ACAPMA estimates that the End-Stream segment of the Australia fuel industry (i.e. fuel wholesale and fuel retail businesses) operates from assets valued at more than $28B and employs more than 70,000 Australians.

These numbers suggest that this segment of the Australian fuel industry is currently a significant contributor to the Australian economy – a fact often lost on politicians who constantly attack the industry solely for political benefit.

Maintenance of this economic contribution in the future, however, will be dependent on our ability to adapt to market disruption.

In recent years, we have all watched industries like the Taxi industry and Retail industry struggle with market disruption – driven largely by the combined effects of vehicle technology, changing consumer preferences and emergence of the share economy (i.e. where consumers prefer to access products and services as opposed to owning them).

The fact that such changes have not yet occurred in the Australian fuel market provides no reason for complacency.

“The ‘long tail’ nature of our assets suggests that we must closely monitor changes in the market and then be prepared to invest on the cusp of the change – but at a rate that does not get ahead of the demand curve”, said ACAPMA CEO Mark McKenzie.

So, what is happening in our market at present?

Well one indicator of the rate of change can be derived via an examination retail fuel demand, as per an analysis recently completed by ACAPMA (using information provided by Australian Government agencies and research bodies such as the Australian Bureau of Statistics)

“The first point to note is that retail demand for motor spirit (aggregate of all grades) has been relatively flat – averaging just 0.2% year on year growth over the past 5 years”, said Mark.

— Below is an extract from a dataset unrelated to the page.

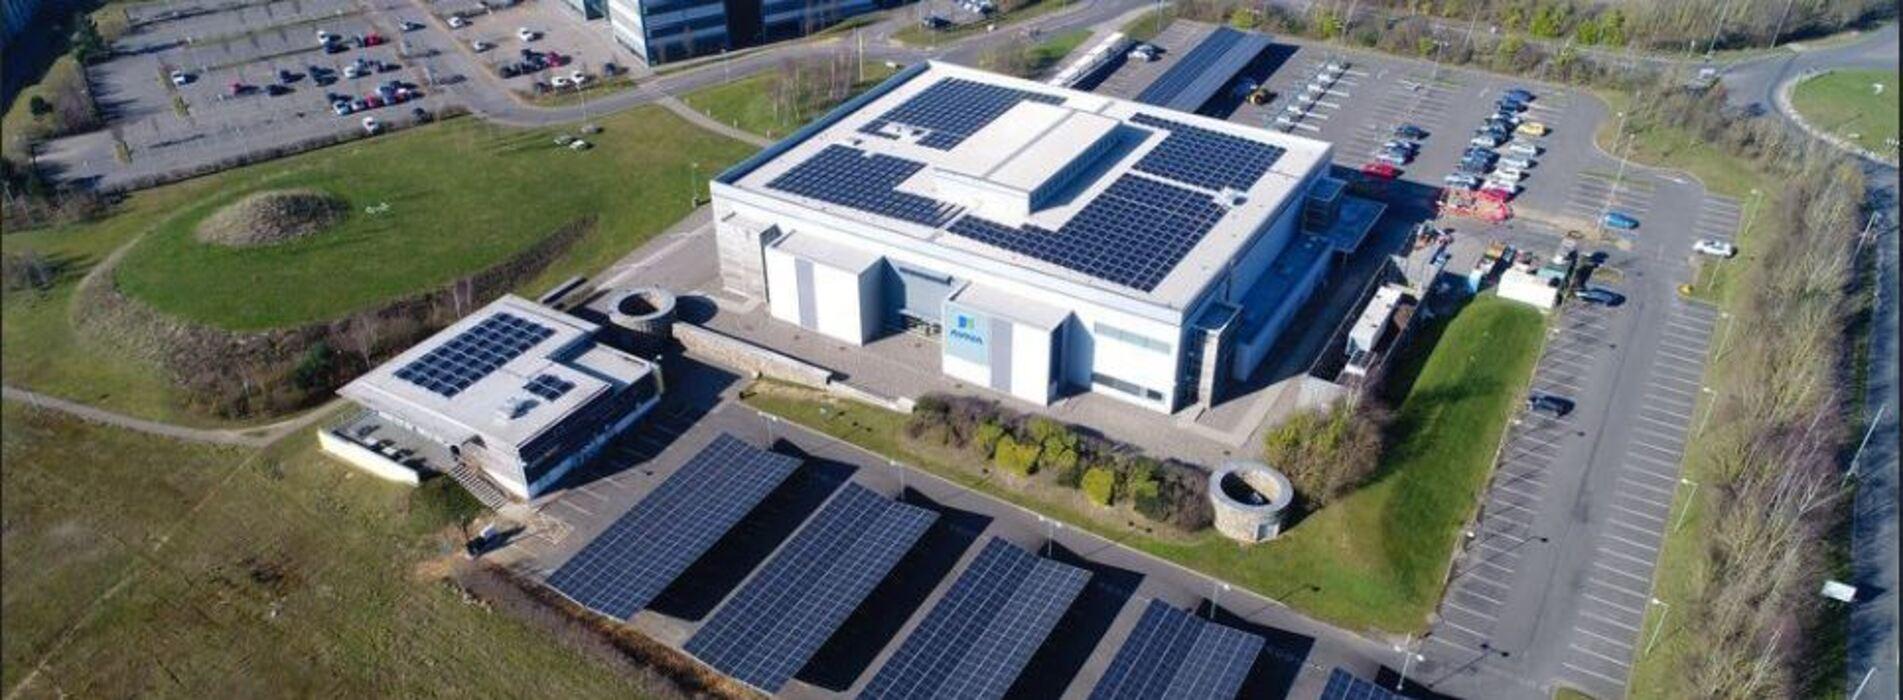 Solar car ports, Aviva Norwich, Ground anchors

Retail demand for diesel continues to grow at more than 9% per year, while demand for LPG has declined by an average of 10.6% per year.

In terms of individual petrol products, the analysis of five-year retail sales (See Figure 1) revealed that annual sales of:

  • E10 have grown by an average of 0.9% p.a.
  • RULP and 95RON have fallen by an average of 0.7% p.a. and 1.5% p.a.
  • 98 RON have grown by an average of 5.3% p.a.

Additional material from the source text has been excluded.